I think I've mentioned here before that I'm blessed to have a great relationship with my in-laws. My mother-in-law and sister-in-law are actually counted among my friends, and for that I'm very grateful. For one thing, it makes my marriage just that much easier. Those of you out there who might not have such a great relationship with your MIL know what I'm talking about. I'm not sure if way back in the beginning she consciously made the decision to befriend her son's new wife, or if I made the decision to befriend that Unknown But Oft Described As Evil Entity Called Mother-In-Law; but it was good decision on both our parts.
All of that lead in to tell you about last night.
My mother-in-law (from this point forward, I'm going to call her Mama G, since that is easier than typing out "mother-in-law" and sounds better than MIL) and sister-in-law (who will hereafter be known simply as Sis, since I honestly do consider her the sister I never had) decided to kidnap me for a Girls' Night Out. I don't get to do those but once in a blue moon, so Coach was even enthusiastic about it. (Although that might have been just so that he could have some uninterrupted XBox 360 time. Damn "Call of Duty".)
On my way out, I made sure to stop at each son's room to chat for a few minutes and say goodnight. Bug, sweetheart that he is, told me I smelled good and to have fun. Jock, however, looked at me with his big, soulful brown eyes full of confusion, and said:
But ..... what about dinner for us? Aren't you feeding us?
When I reminded him that he's 14 and more than capable of feeding himself (he long ago discovered how easy ramen is!), he replied: But .... you're the mom. I didn't think he could sound anymore pathetic than the first question, but he proved me wrong.

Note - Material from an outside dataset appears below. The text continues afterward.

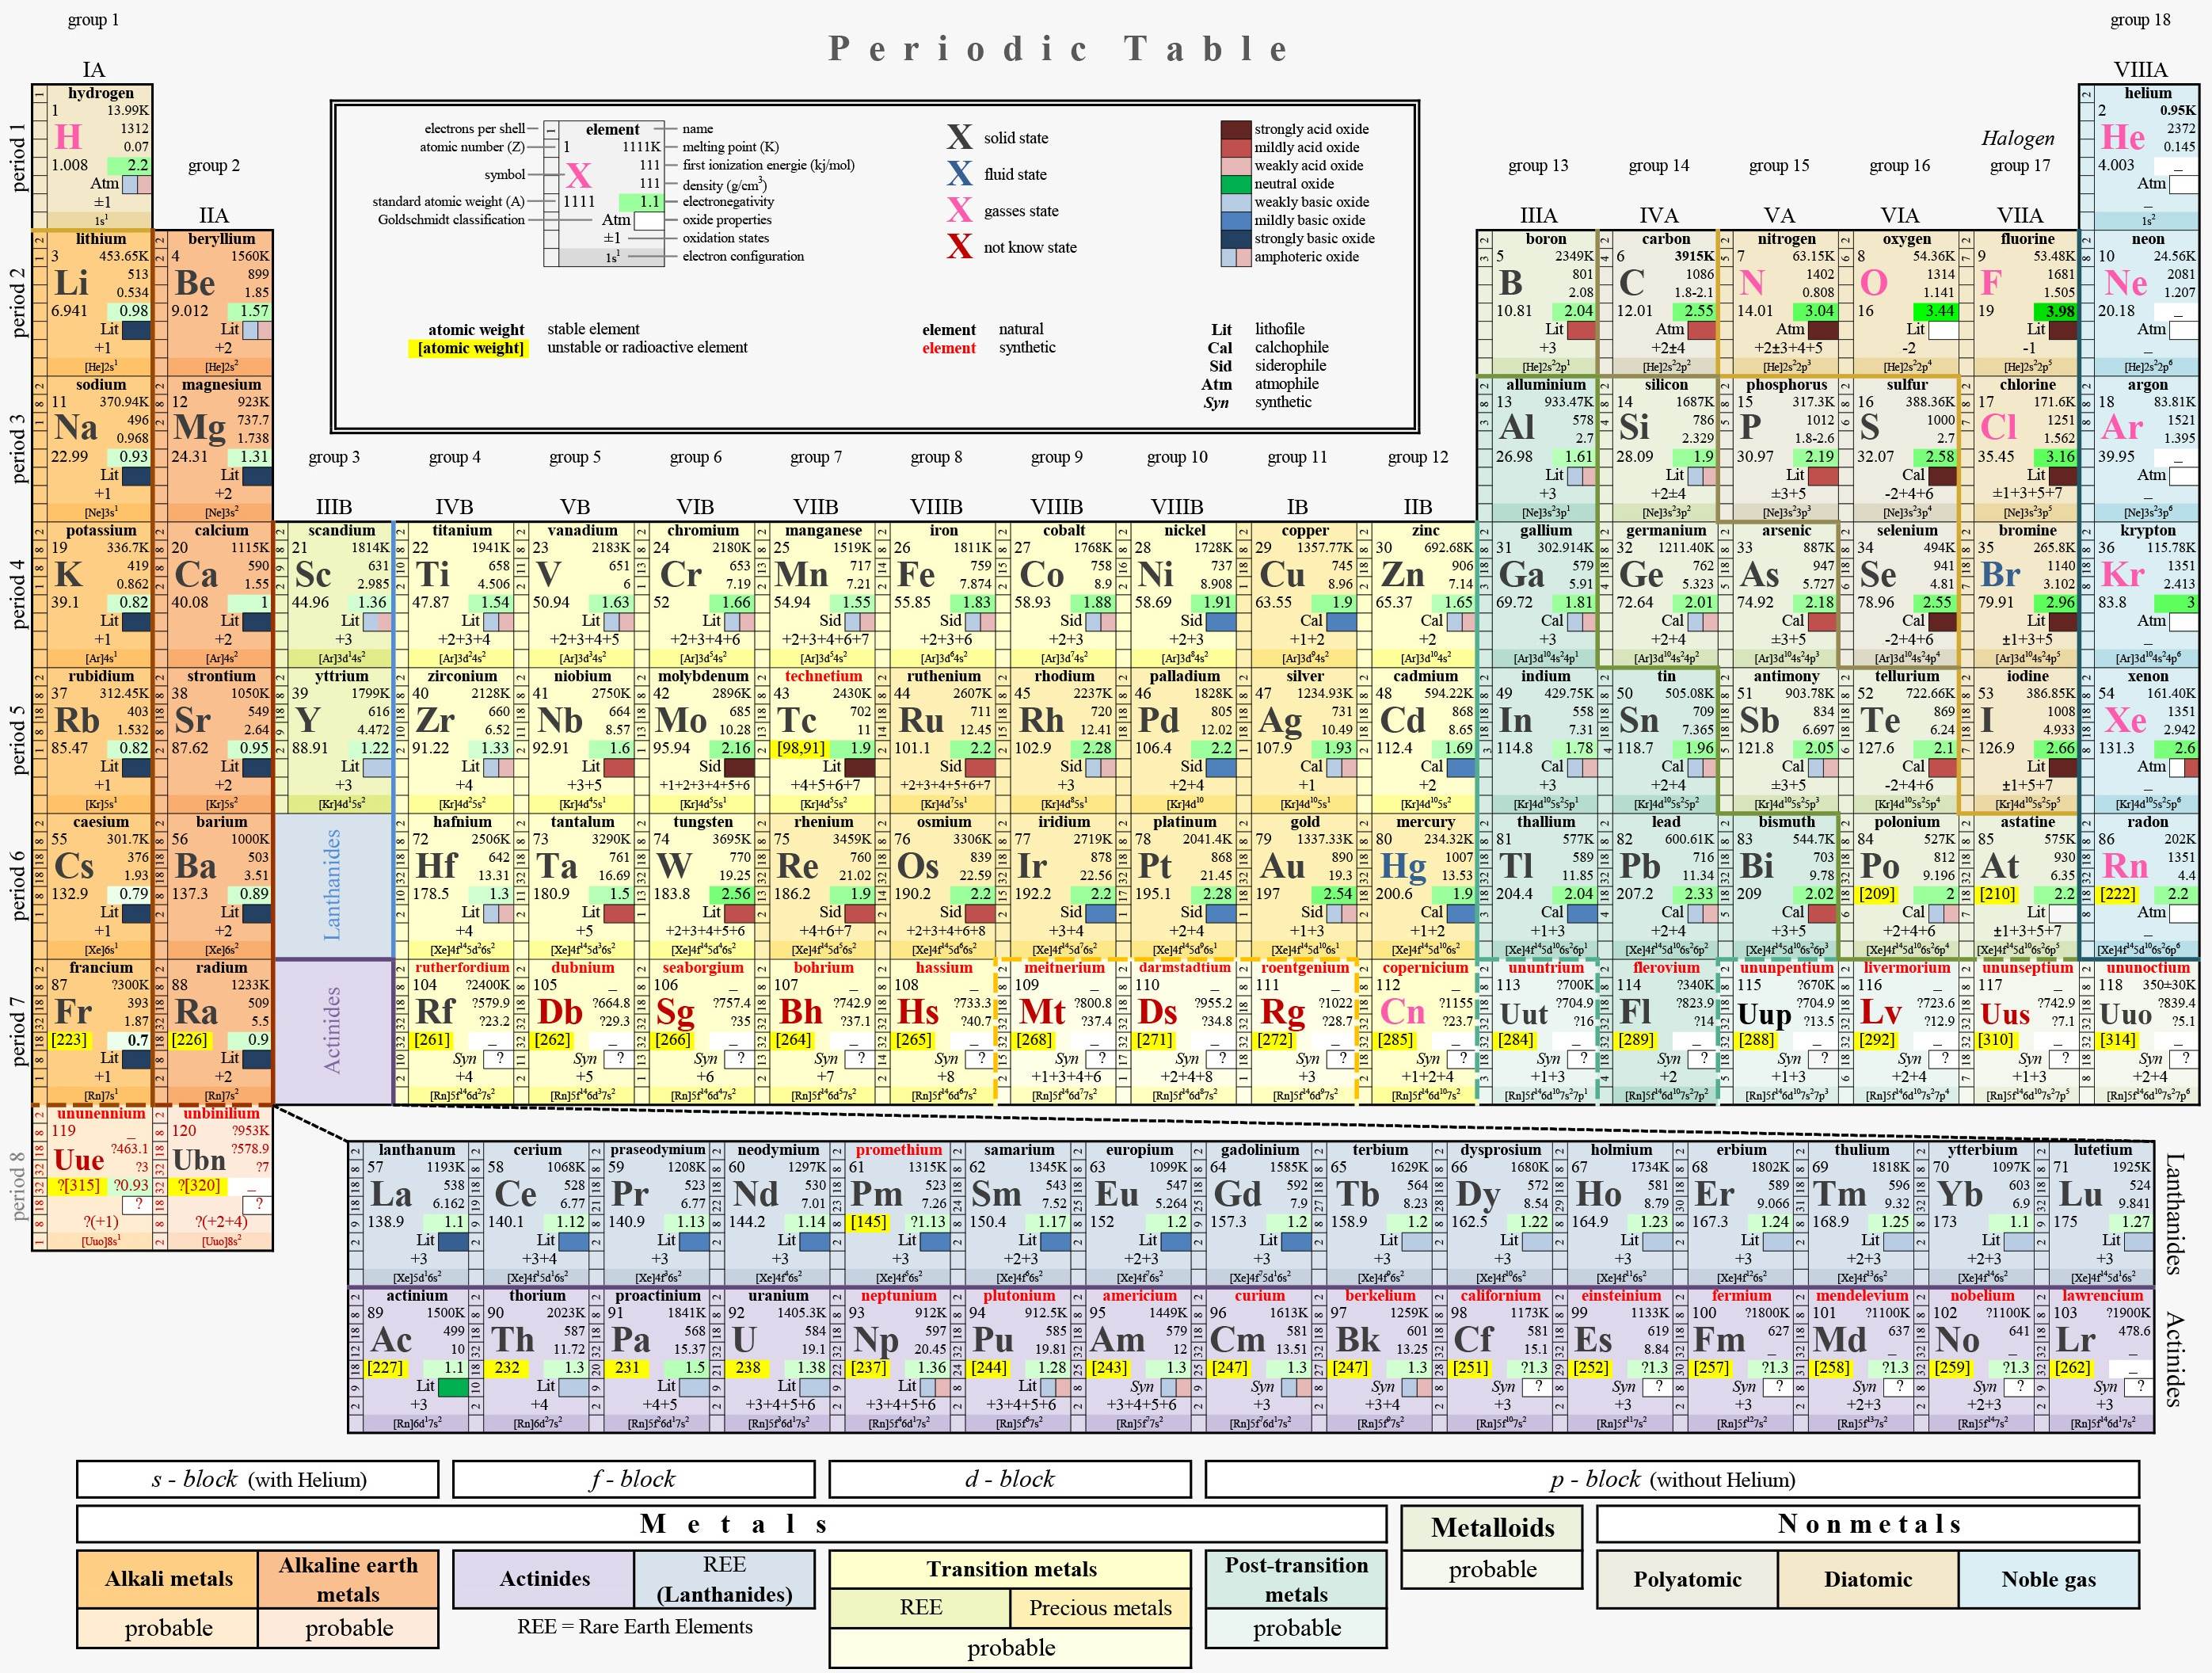 Tavola periodica degli elementi completata la settima - Tavola periodica in inglese ...

I just shook my head, gave him a hug, told him I loved him and left.
WooHoo!!! I was FREE, baby!
We went to a small local bar, where I proceeded to have two Long Island Iced Teas. Two. That's it. I even had a plate of chicken strips, so I could honestly say my evening wasn't all liquid! Didn't matter. See, I don't drink much. Hardly at all, actually. Its a source of endless amusement in Coach's family to actually have an evening where I AM drinking, as its pretty much a guarantee that I'll be the most hilarious person in the room! However, I wasn't that bad. Just giggled a lot. :)
In my defense, there was a lot to giggle at! At the bar next to where were sitting, there was a lesbian couple and a rather large man that one of the women was teasing rather shamelessly. The more "masculine" of the two women was making snarky (funny, but snarky nonetheless) comments to the poor guy about who was going home with the tease in question. Now, while that was a somewhat funny conversation to listen to, the part that made Sis and I laugh until we cried was when we had to explain to Mama G that the "little guy" was actually a woman. Priceless!

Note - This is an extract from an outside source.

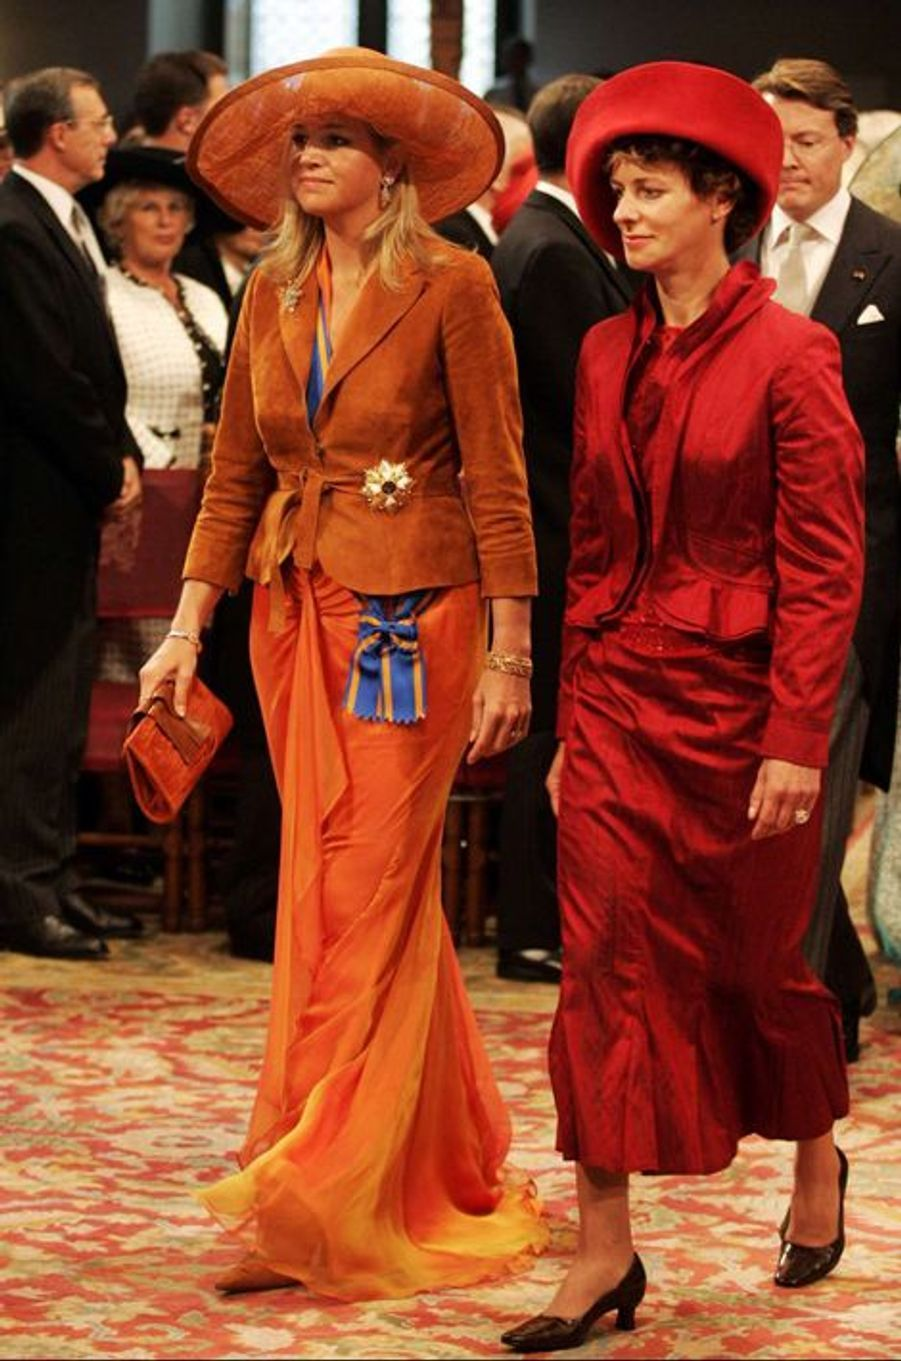 La princesse Maxima des Pays-Bas, le 20 septembre 2005

And so the night ended with a lot of laughs. I ended up staying over at Mama G's house, which left my boys at home. Seems to me that my freedom gave them theirs, as well! But when I called home this morning, on my way from Mama G's house to a baby shower I was going to for a friend, Bug answered.
B: Hi Mom!
Me: Hi baby!
B: Why didn't you come home last night? Were you drunk?
Me: No, I was not.
B: But you were drinking (said with the utmost disgust, I might add!), weren't you?
Me: I only had two. That did not make me drunk, but you know my rule about not driving when drinking at all. So I stayed the night at Grandma's house.
B: So where's your car? Who drove last night? And what about Grandma? Was she drinking too?
Me: My car is with me right now. Grandma drove, and no, she wasn't drinking.
For cryin' out loud. The kid was worse than my dad! It was all I could do to not laugh when he was giving me the third degree. But I know he meant well, and I'm honestly glad to know that some of what we've been teaching them has obviously sunk in a bit.